Let's see. In psql, when I do \dL (to list languages) I get list like this:

$ \dL
                    List of languages
  Name   │ Owner │ Trusted │         Description
─────────┼───────┼─────────┼──────────────────────────────
 plperl  │ pgdba │ t       │ PL/Perl procedural language
 plpgsql │ pgdba │ t       │ PL/pgSQL procedural language
(2 rows)

Most of it is self explanatory, but what is the “Trusted" thing?

Trusted languages are named so because you (at least theoretically) cannot interact (using them) with anything outside of database.

So, you cannot use files, sockets. This includes also loading modules in PL/Perl – since modules are in files – you can't load them (well, technically you can, but not within PL/Perl function, you have to do it from postgresql.conf).

So – any language marked as trusted will not work for stuff like sending mails. Simply not possible.

But – there are, so called, untrusted languages.

The very first, not listed above, but working in every Pg instance is “C". This is not a language for stored procedures – it's rather interface to functions written in C (or any other language compilable to .so files), stored somewhere in filesystem, that PostgreSQL backend can load.

While it's great, and provides limitless possibilities, we'd rather use something interpreted, so we could create the functions within SQL itself (like in psql).

Luckily, PostgreSQL has many accessible languages – all depending on compile options, and installed extensions. In base sources for PostgreSQL 9.2 (9.1 too afaik, and in previous versions too), we have:

  • PL/Perl
  • PL/PerlU
  • PL/PythonU
  • PL/Python2U
  • PL/Tcl
  • PL/TclU
  • PL/pgSQL

As you can imagine – PL/Tcl is using Tcl language, and PL/PythonU, of course, Python. There are many more PL/* languages, available on PGXN or PgFoundryM, but that's not important at the moment.

You might notice that some of the languages have letter “U" at the end of name – these are untrusted languages. Meaning – using them you are not limited in what you can do. So, for example – using open() in PL/Perl will generally fail, but in PL/PerlU will happily work.

You might also notice, that there is no PL/Python – just PL/PythonU (and PL/Python2U, which is (currently) the same thing). Reason is very simple – some time ago developers found out that it is not possible to limit Python functionality in a way that's safe. So PL/Python had to disappear (in 7.4 version of Pg, loooong time ago).

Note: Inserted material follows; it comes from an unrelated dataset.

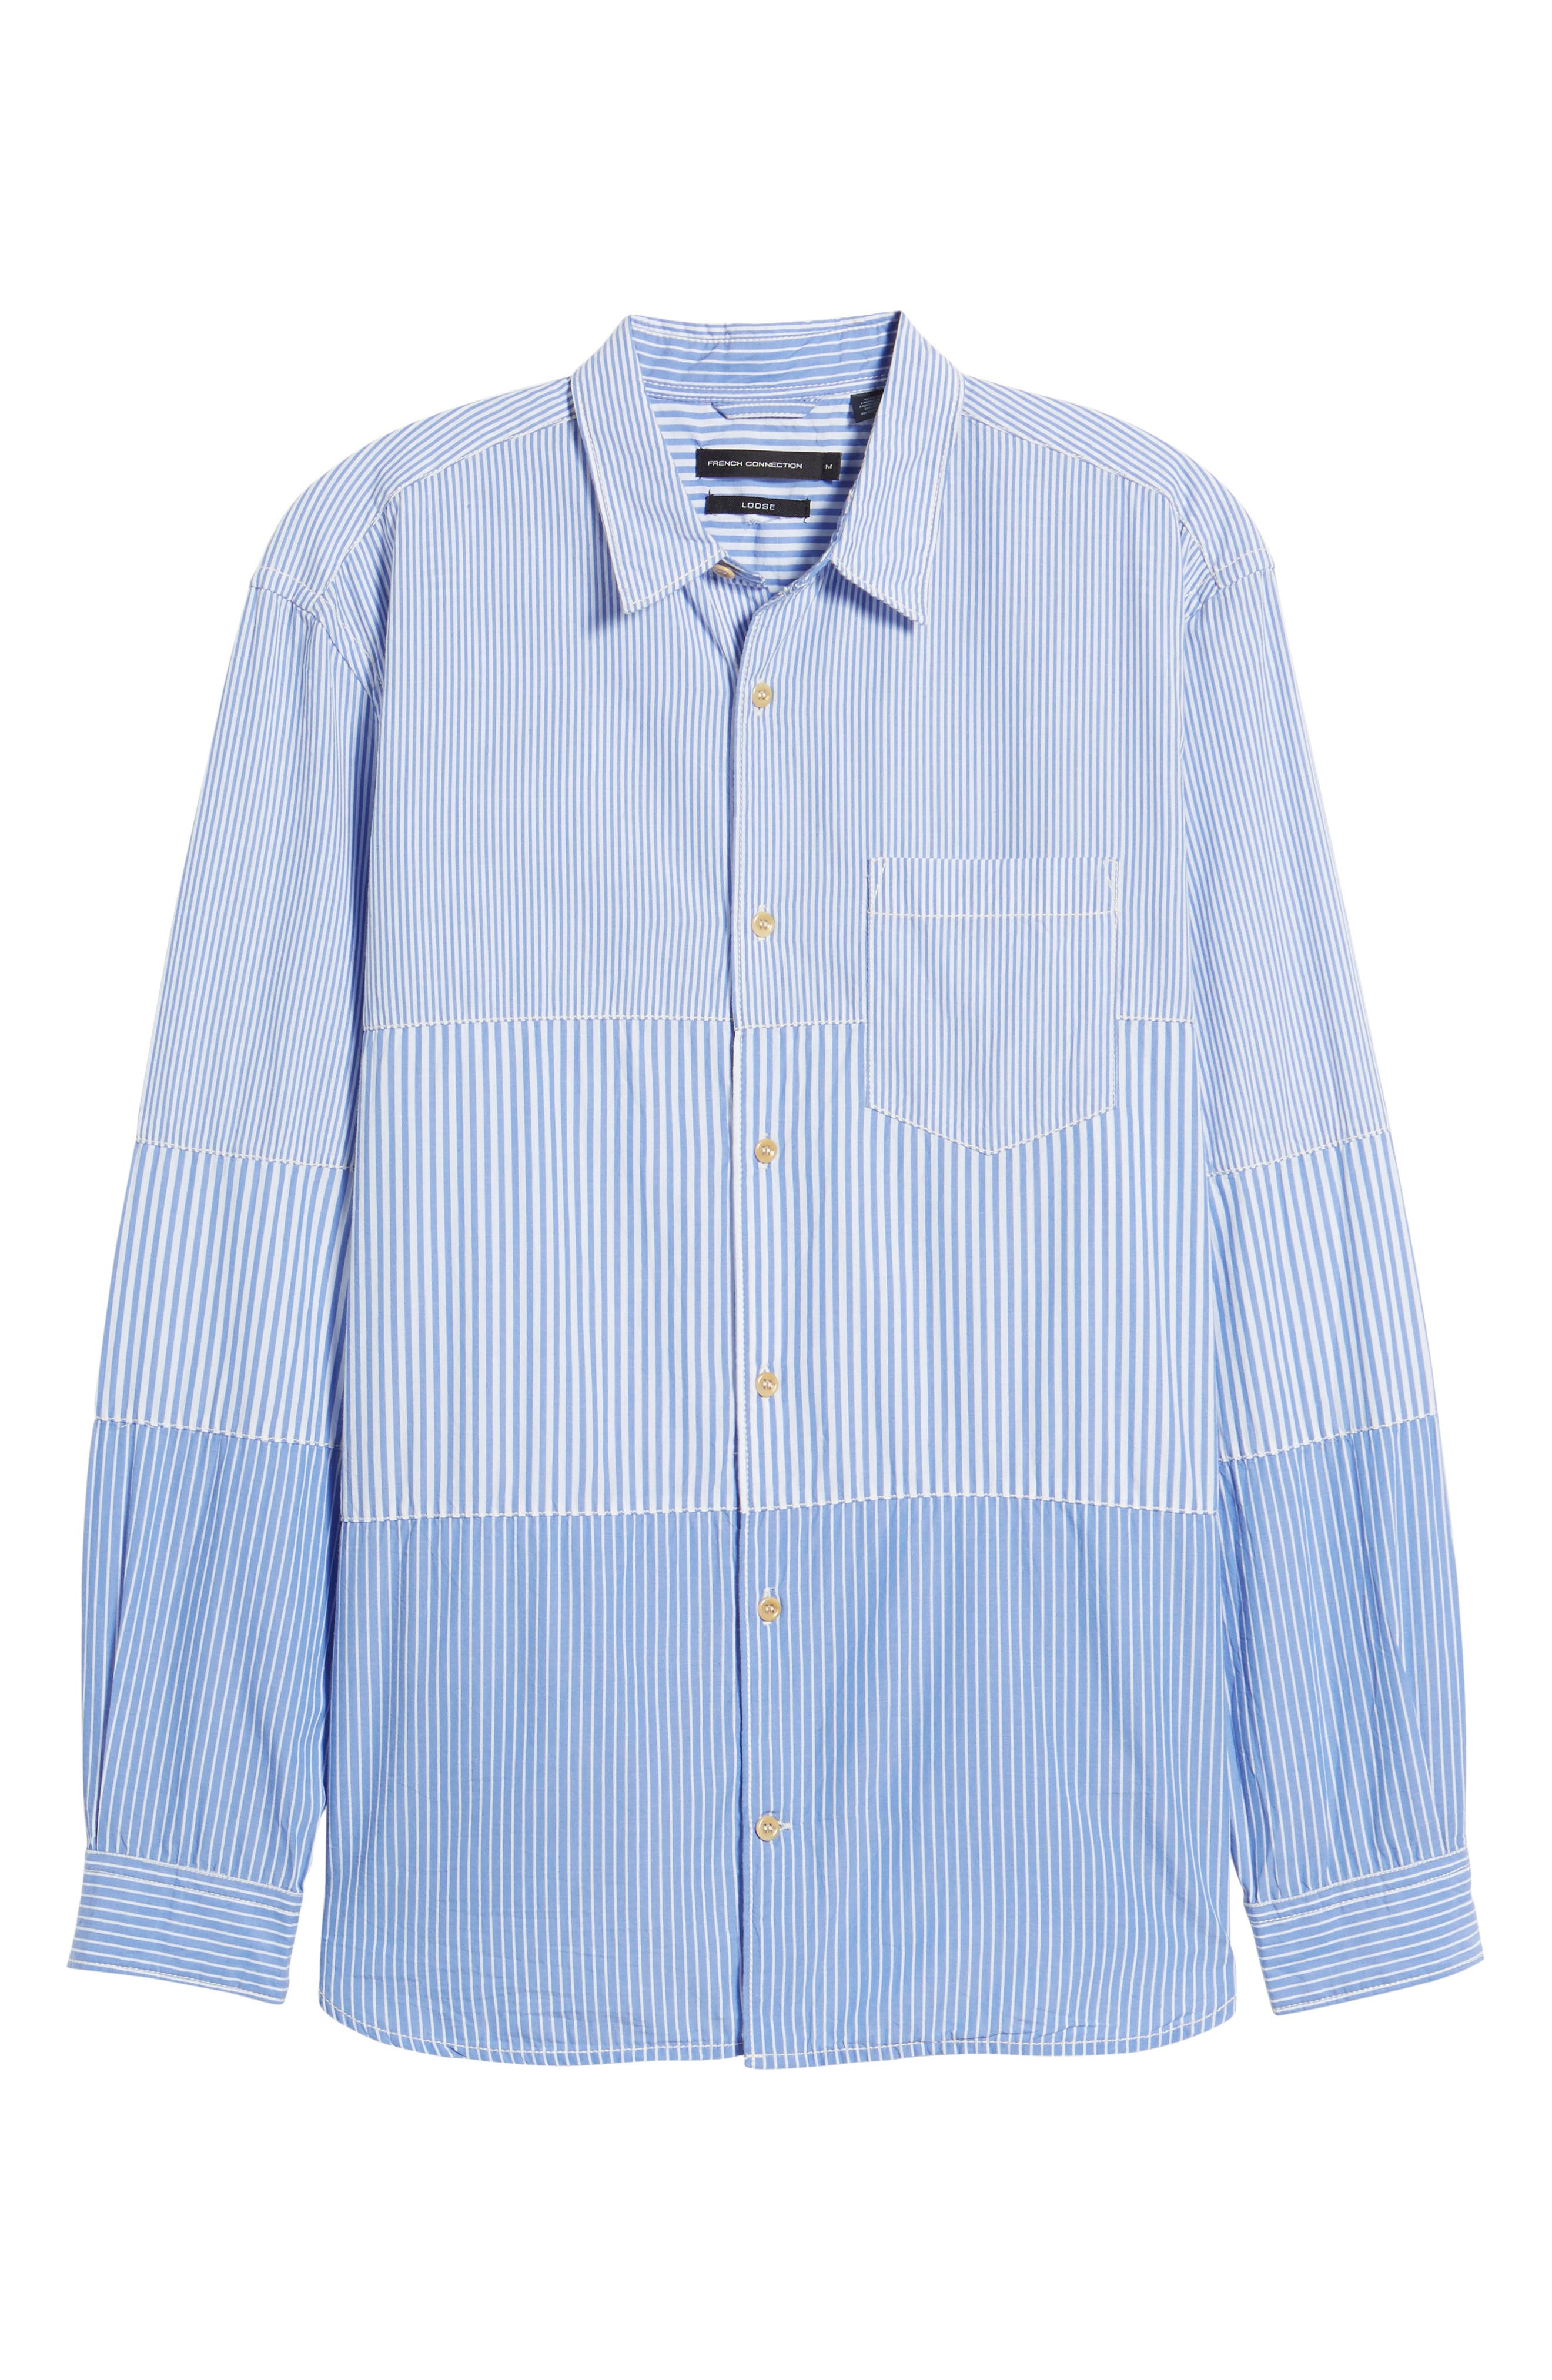 Regular Fit Stripe Sport Shirt,                             Alternate thumbnail 6, color,                             400
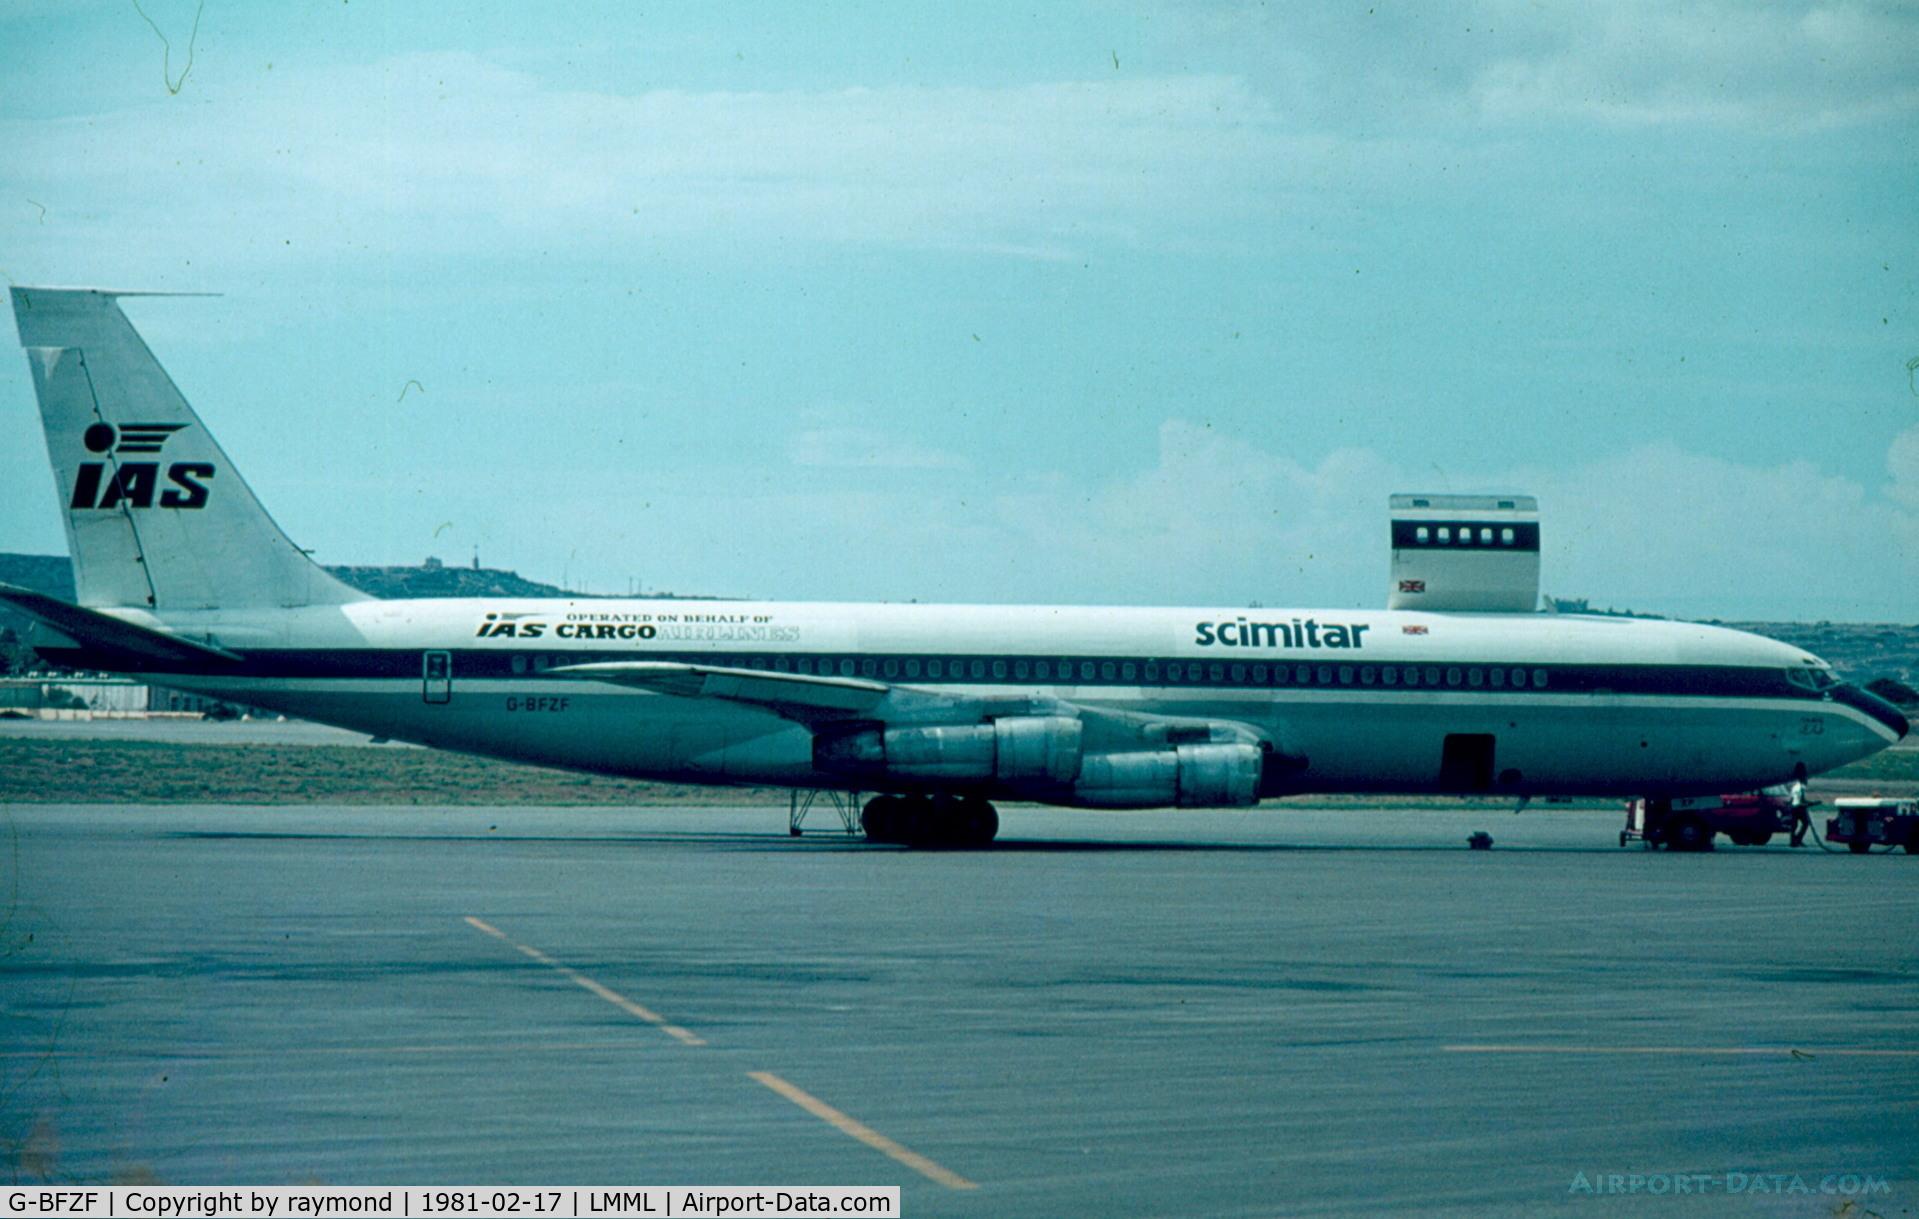 G-BFZF, 1964 Boeing 707-321C C/N 18718, B707 G-BFZF Scimitar Cargo

So, let's load the language, and do something that will reach outside of database:

=$ psql -U pgdba -d test
(pgdba@[local]:5920) 10:58:42 [test]
$ create extension plperlu;
CREATE EXTENSION
 
(pgdba@[local]:5920) 10:58:47 [test]
$ \c test test
You are now connected to database "test" as user "test".
 
(test@[local]:5920) 10:58:52 [test]
$ create function make_dir(text) returns void as $$ mkdir('/tmp/' . shift ); $$ language plperlu;
ERROR:  permission denied for language plperlu

So, I was able to create the extension, but I can't create function using normal user. Reason is very simple – since plperlu is untrusted – only superusers can use it to create functions. And you can't even grant privileges on it:

(pgdba@[local]:5920) 11:00:31 [test]
$ grant usage on LANGUAGE plperlu to test;
ERROR:  language "plperlu" is not trusted
HINT:  Only superusers can use untrusted languages.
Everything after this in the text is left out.